Why Standardized Tests Threaten Multiculturalism

Statewide standardized tests force students to sacrifice learning about the cultural complexities that define our society.

Under the banner of "higher standards for all," Oregon has joined the national testing craze. In fall 1998, the Oregon Department of Education field-tested its first-ever statewide social studies assessments. Many teachers were dismayed to discover that the tests were a multiple-choice maze that lurched about helter-skelter, seeking answers on World War I, Constitutional amendments, global climate, rivers in India, hypothetical population projections, Supreme Court decisions, and economic terminology.
Given the broad scope of the standards and the resulting randomness of the test questions they generated, an infinite number of facts could appear on future social studies tests. Teachers worry that to prepare our students for the tests, which students must pass to earn Oregon's 10th grade Certificate of Initial Mastery, we will have to turn our classrooms into vast wading pools of information for students to memorize.
The tests in Oregon are part of a national standards movement that has a democratic veneer. Proponents insist that all students will benefit from "higher expectations" and greater teacher, principal, and school "accountability." But as the Oregon example shows, standardization of social studies curriculums and assessments is hostile to good teaching. Social studies standardization threatens a multicultural curriculum—one that attempts to explain the world as it really exists; speaks to the diversity of our society; and aims not only to teach important facts, but also to develop citizens who can make the world safer and more just.
Multiculturalism is a search to discover perspectives that have been silenced in traditional scholastic narratives. Multiculturalism attempts to uncover "the histories and experiences of people who have been left out of the curriculum," as educator Enid Lee emphasizes (1995, p. 9). Because multiculturalism is an undertaking that requires new scholarship and constant discussion, it is necessarily ongoing. Yet as researcher Harold Berlak points out, "Standardization and centralization of curriculum testing is an effort to put an end to a cacophony of voices on what constitutes truth, knowledge and learning and what the young should be taught. It insists upon one set of answers" (Berlak, in press).

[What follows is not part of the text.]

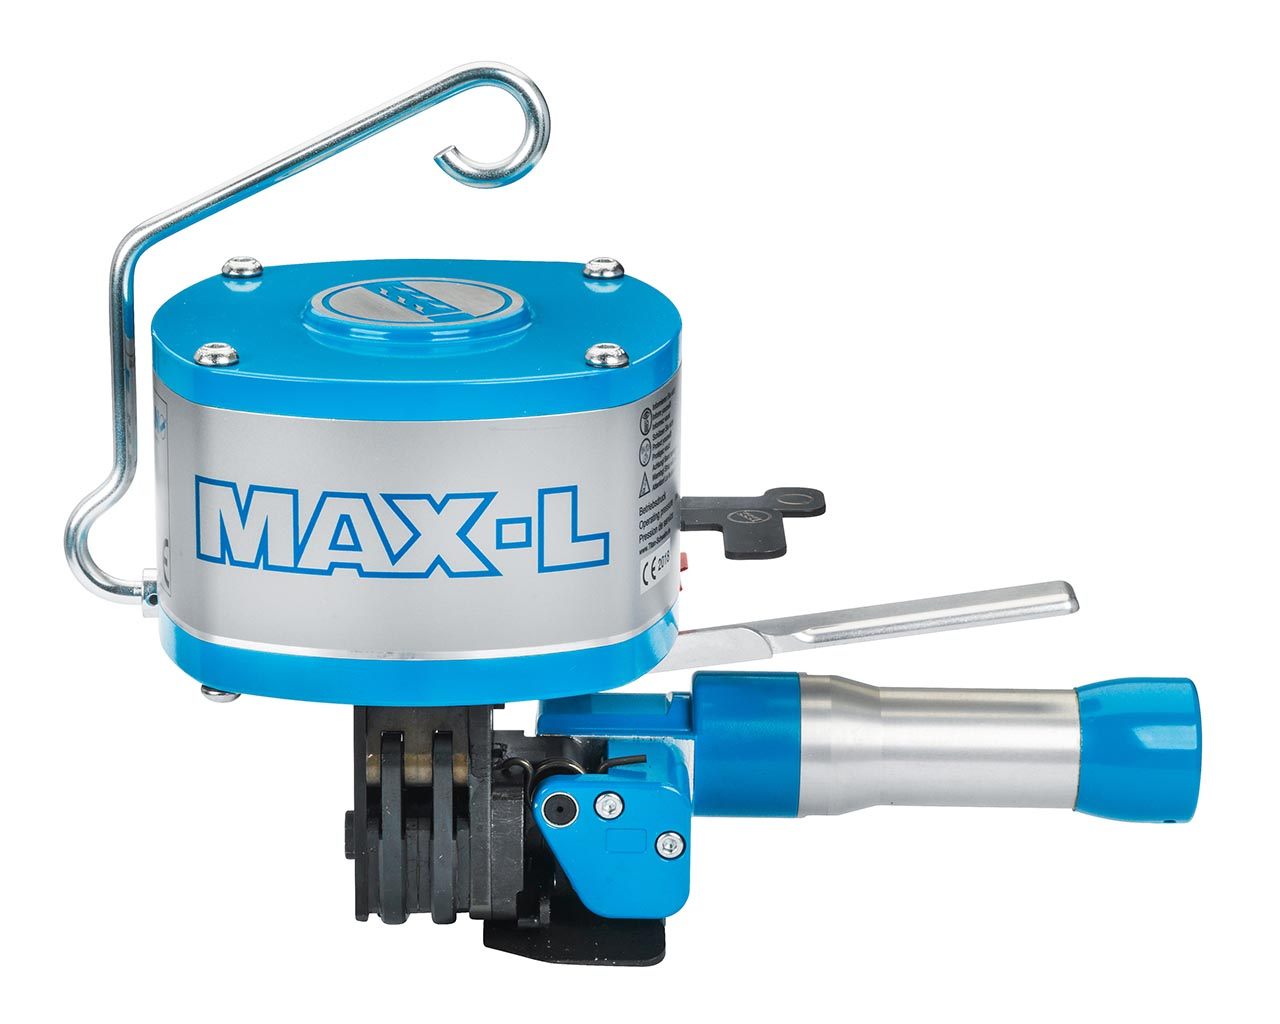 Reggiatrice pneumatica combinata AP TH Max-L - reggetta 19 mm x da 0,6 a 0,8 mm
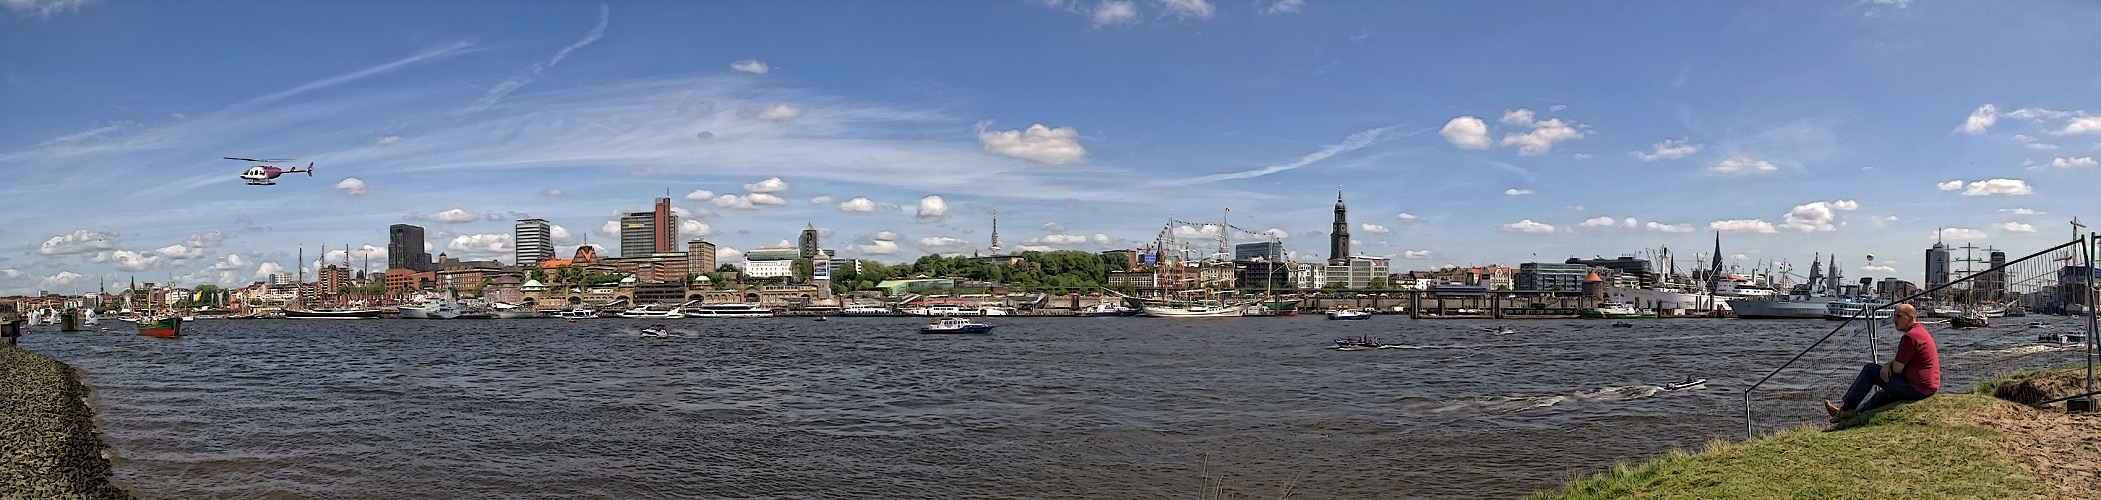 Hafengeburtstag 2009

A Lack of Critical Sensibility

Creating an official, government-approved social studies curriculum is bound to be controversial. Thus, state education officials "tried to stake a neutral ground" to win approval for the state's version of social reality (Learn, 1998). Not surprisingly, this attempt to be neutral and inoffensive means that the standards the state produced lack a critical sensibility and tend toward a conservative Father Knows Best portrait of society. For example, one typical 10th grade benchmark calls for students to "understand how the Constitution can be a vehicle for change and for resolving issues as well as a device for preserving values and principles of society." Only? Is this how, say, Frederick Douglass or the Seminole leader Osceola would have seen the Constitution? Shouldn't students also understand how the Constitution can be (and has been) a vehicle for preserving class and race stratification—for example, Dred Scott and Plessy v. Ferguson—and for maintaining the privileges of dominant social groups? Abolitionist William Lloyd Garrison called the Constitution an "agreement with Hell" for its support of slavery.
The school curriculum will inevitably reflect the contradictions between a society's myths and realities. But a critical multicultural approach examines these contradictions, whereas standardization tends to paper over them. For example, another benchmark, "Explain how laws are developed and applied to provide order, set limits, protect basic rights, and promote the common good," similarly fails the multicultural test. Whose order, whose basic rights, are protected by laws? Are all social groups included equally in the term common good? Between 1862 and 1890, laws in the United States gave an area the size of Texas and Oklahoma to privately owned railroad companies, but gave virtually no land to African Americans freed from slavery. Viewing the Constitution and other U.S. laws through a multicultural lens would add depth to the facile one-sidedness of Oregon's "neutral" standards.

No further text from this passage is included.